4. The fact that the breach of this standard resulted in an injury to the plaintiff.
Specific examples of negligence
- Failure to report observations to attending physicians.
- Failure to exercise the degree of diligence which the circumstances of the particular case demands.
- Mistaken Identity
- Wrong medicine, wrong concentration, wrong route, and wrong dose.
- Defects in the equipment such as stretchers and wheelchairs may lead to falls thus injuring the
patients.
- Errors due to family assistance.
- Administration of medicine without a doctor prescription

Malpractice
- Implies the idea of improper unskillful care of a patient by a nurse.
- Denotes stepping beyond ones authority with serious consequences.
- Term for negligence or carelessness of professional personnel.
- According to Lesnik (1962), this term used properly only when it refers to a negligent act
committed in the course of professional performance
- Practice contrary to established rules
Elements of Nursing Malpractice
1. Duty
2. Breach of duty
3. Foreseeability
4. Causation
5. Harm and injury
6. Damages

Doctrine Principles that may condemn or free you.

Doctrines of Negligence
1. Res Ipsa Loquitur
- means the things speaks for itself.
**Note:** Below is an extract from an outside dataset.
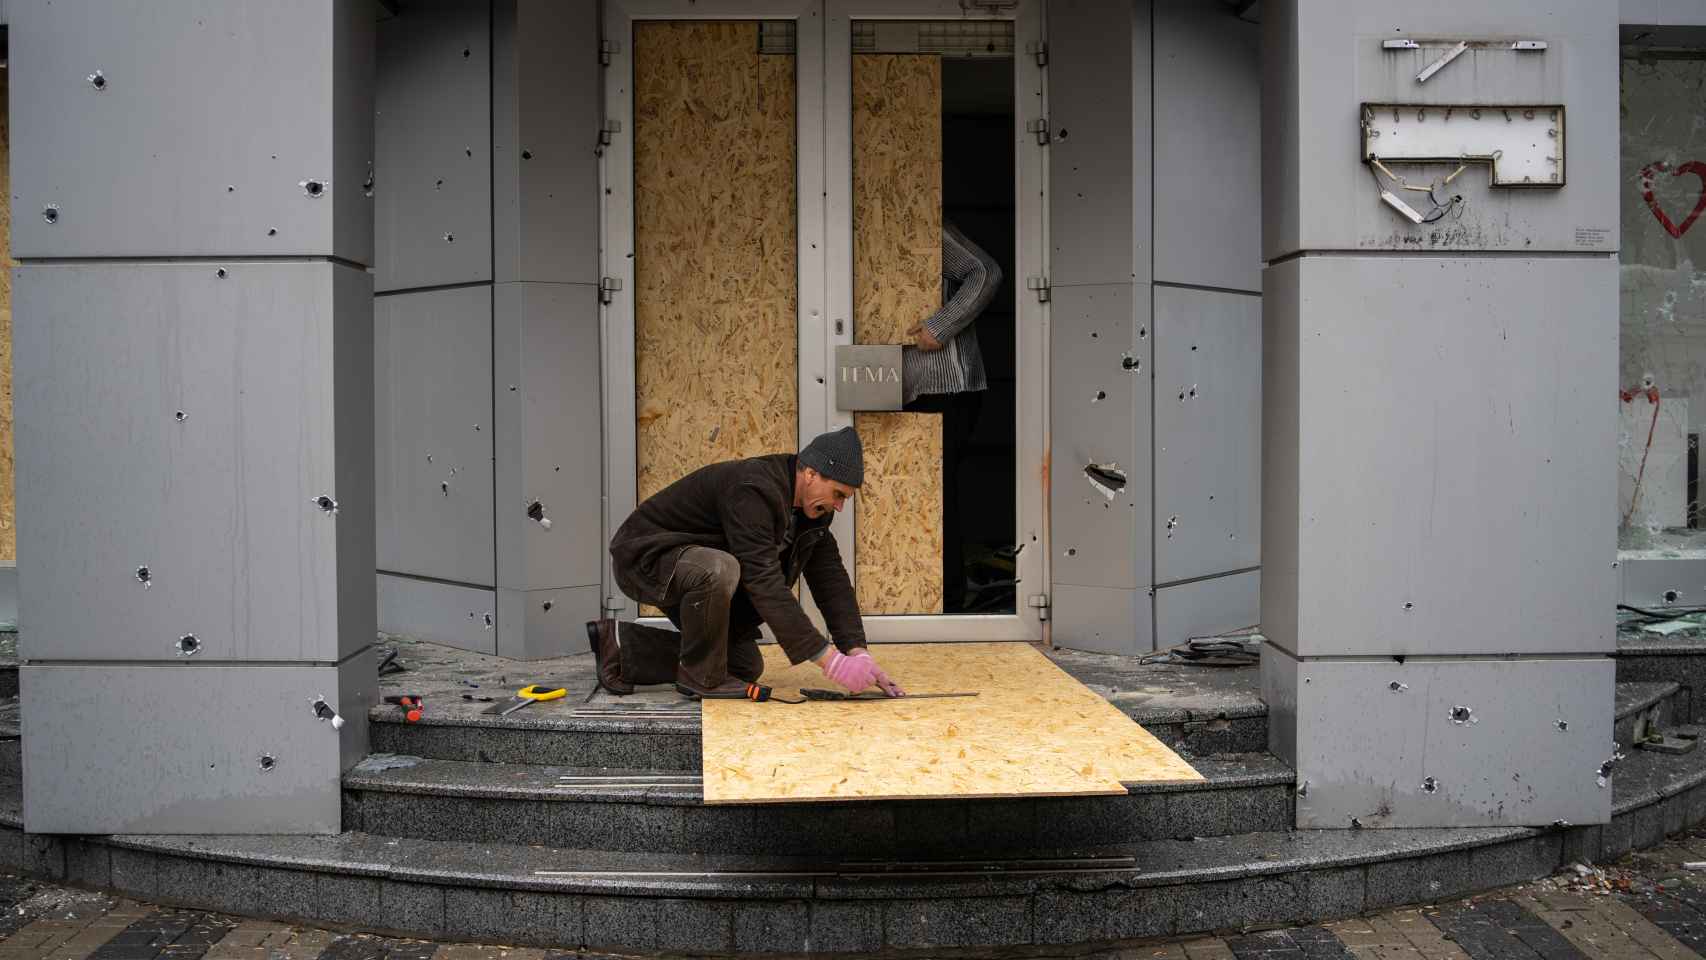 Vladimir mide y recorta la madera para proteger su tienda de ropa. El ataque de hoy ha roto sus cristales y dañado la fachada.
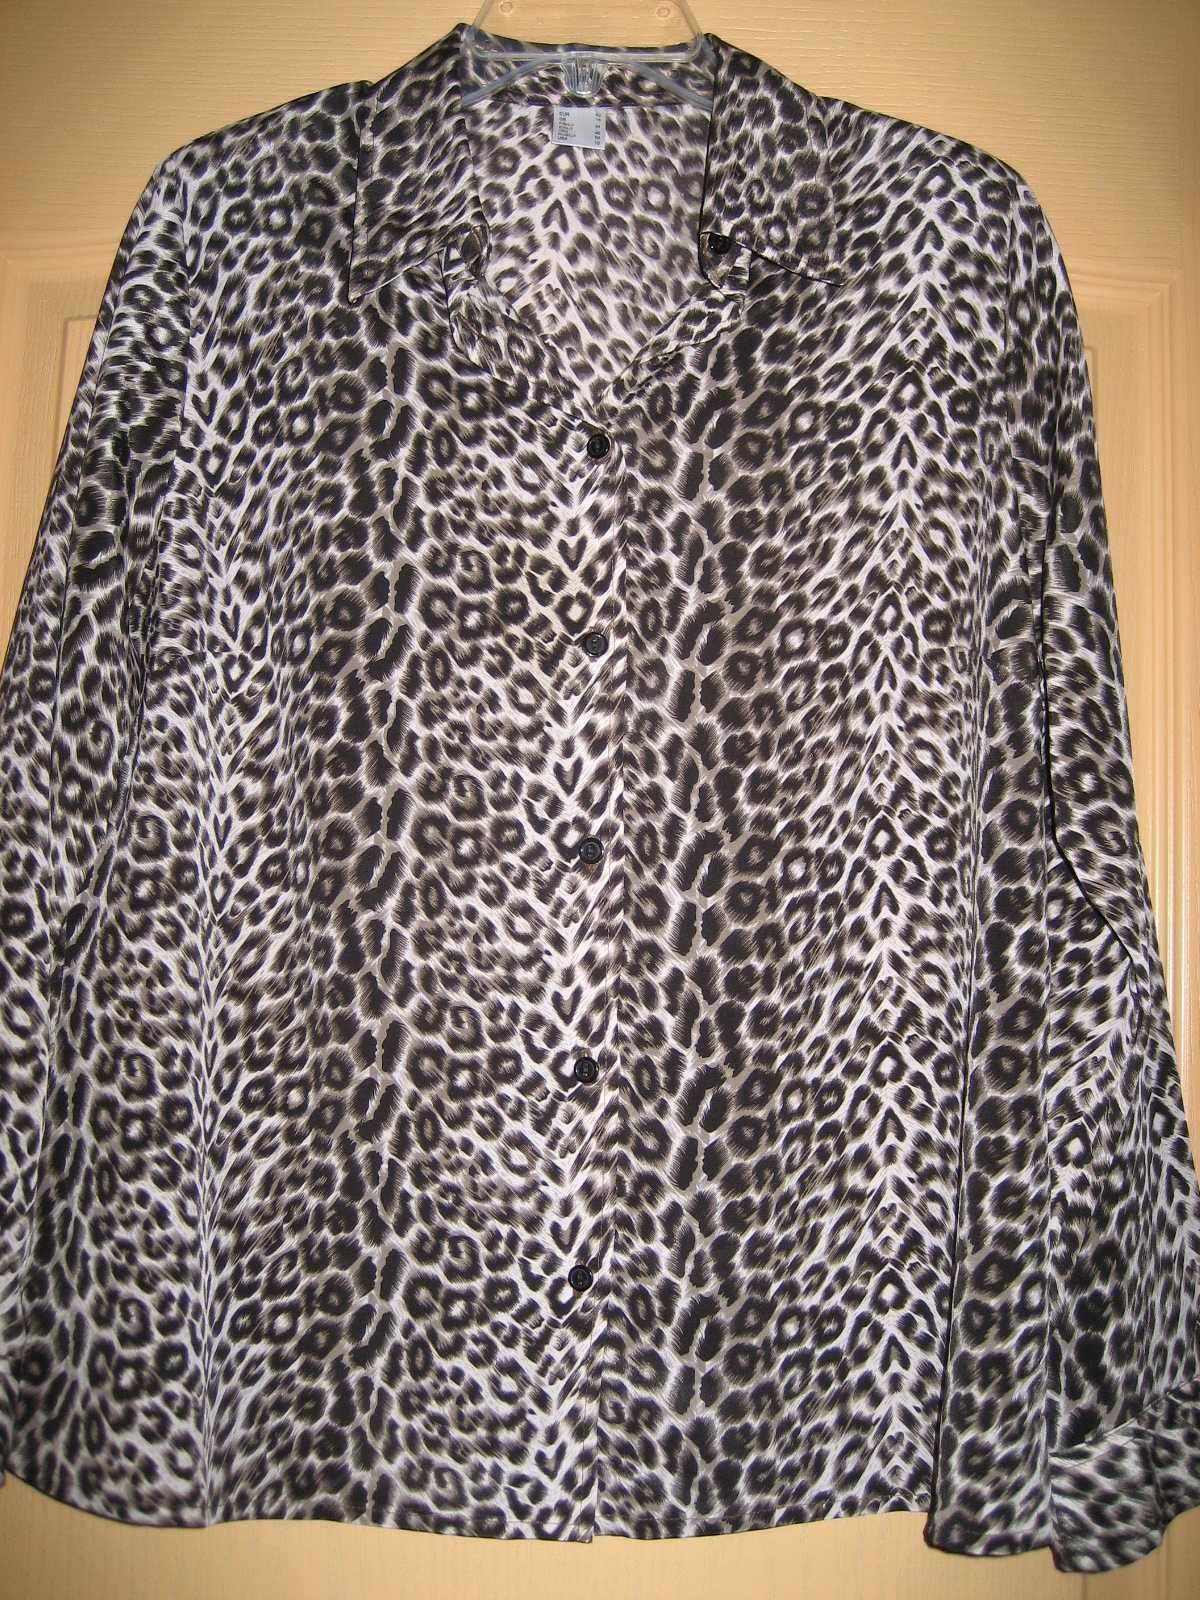 Продам блузку женскую новую размер 50 леопардовая Классика,

This means that the injury could have not happened if
someone was not negligent that no further proof is required.
Three conditions to establish negligence
1. That the injury was such nature that it would not normally occur unless there was a negligent act on
the part of someone.
2. That the injury was caused by an agency within control of the defendant
3. The the plaintiff himself did not engage in any manner that would tend to bring about the injury.
Examples:
- A patient came in walking to the out patient clinic for injection. Upon administering the
injection to his buttocks, the patient experienced extreme pain. His leg left weak and he was
subsequently paralyzed. His sciatic nerve was injured.
- The presence of sponges in the patients abdomen after an operation.
- Fracture on a newly-delivered baby born by breech presentation.



2. Force Majeure
- means irresistible force, one that unforeseen or inevitable. Under the Civil Code of the
Philippines no person shall be responsible for those events which cannot be foreseen, or which, though
foreseen, are inevitable, except in cases expressly specified by law.
- Circumstances such as flood, fire, earthquakes, and accident, fall under this doctrine and
nurses who fail to render service during these circumstances are not held negligent. However, habitual
tardiness due to heavy traffic is not considered an excuse for force majeure.
3. Respondeat Superior
- means Let the master answer for the acts of the subordinate. Under this doctrine, the
liability is expanded to include the master as well as the employee and not a shift of liability from the
subordinate to the master. Therefore, when a person, through his negligence, injures another, he
remains fully responsible.
- It only applies only to those actions performed by the employee within the scope of his
employment.
Examples:
- The hospital will be held liable, if , in an effort to cut down on expenses it decides to hire
under board nurses or midwives in place of professional nurses, and these persons prove to
be incompetent.
- The surgeon will be held responsible in case a laparotomy pack is left in patients abdomen.